Le consortium prévoyait également d’installer alarmes et capteurs, ainsi que le démantèlement des maisons pour les rendre inhabitables et dissuader toute tentative de les prendre pendant que le coucher du soleil de Vénus se poursuit. Les deux marchés attribués pour protéger les habitations s’élèvent ensemble à 1 120 956,10 euros.
Mouvements à venir
Le Consortium La Mina a acquis 23 maisons dans le quartier et prévoit de construire au moins 66 appartements de protection officielle pour ceux qui choisissent d’être transférés au lieu de payer une indemnisation. Drets Socials prédit que Les premiers déménagements auront lieu entre septembre et octobresans préciser combien ils pourraient être. « Ça avance lentement », répondent-ils sur Vénus.

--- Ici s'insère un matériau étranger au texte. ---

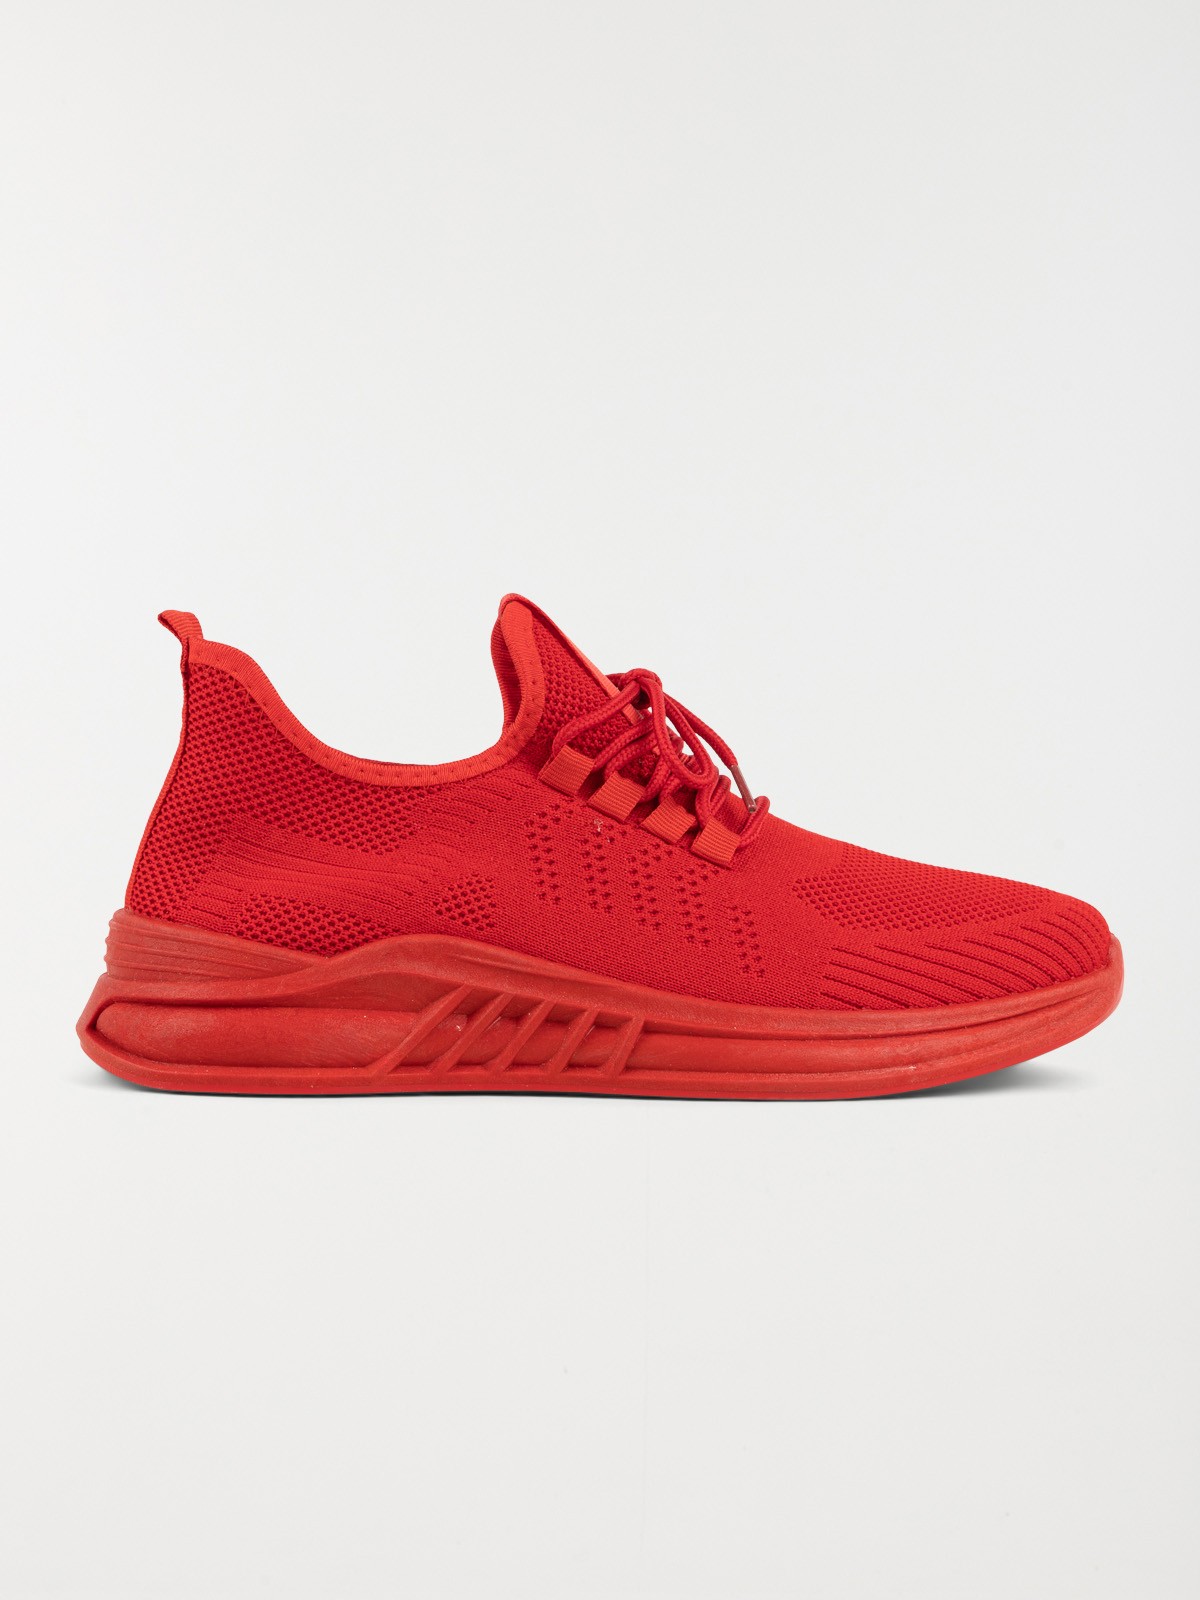 Chaussures sport homme rouge (40-45) - DistriCenter

Le département affirme qu’il donnera la priorité aux familles qui, étant propriétaires et ayant droit au relogement, prouvent «« indicateurs de risque social plus élevés ». Il donne également la priorité à ceux qui, sans être propriétaires de l’appartement où ils résident et se voyant refuser les mêmes conditions que les propriétaires, peuvent se voir proposer une location de « relogement social » car ils sont en proie à « une urgence particulière ».
Le début de l’opération d’expulsion ne met pas fin aux soupçons au nom du quartier, disposé à lutter devant les tribunaux pour que l’expropriation n’exonère pas les institutions de leur responsabilité dans le mauvais état de Vénus. Il est prévu qu’à partir de septembre, une cinquantaine de familles ayant demandé une indemnisation au Consortium La Mina présenteront leur requête au tribunal, comme elles l’ont fait il y a de nombreuses années. Ils demandent que chacun soit réparé avec 130 000 euros pour les dégâts matériels qui leur ont fait vivre dans des conditions sordides.
Le consortium a informé les familles que, S’ils ne retirent pas leurs poursuites, il leur faudra plus de temps pour être sauvés de Vénus.. Il les a également prévenus qu’ils perdraient le droit au relogement gratuit s’ils intentaient une action en justice. Si c’est le cas, ils devront payer 40 000 ou 90 000 euros pour la nouvelle maison. Les voisins considèrent cela comme du « chantage » et certains d’entre eux sont déterminés à le combattre en contestant le processus d’expropriation.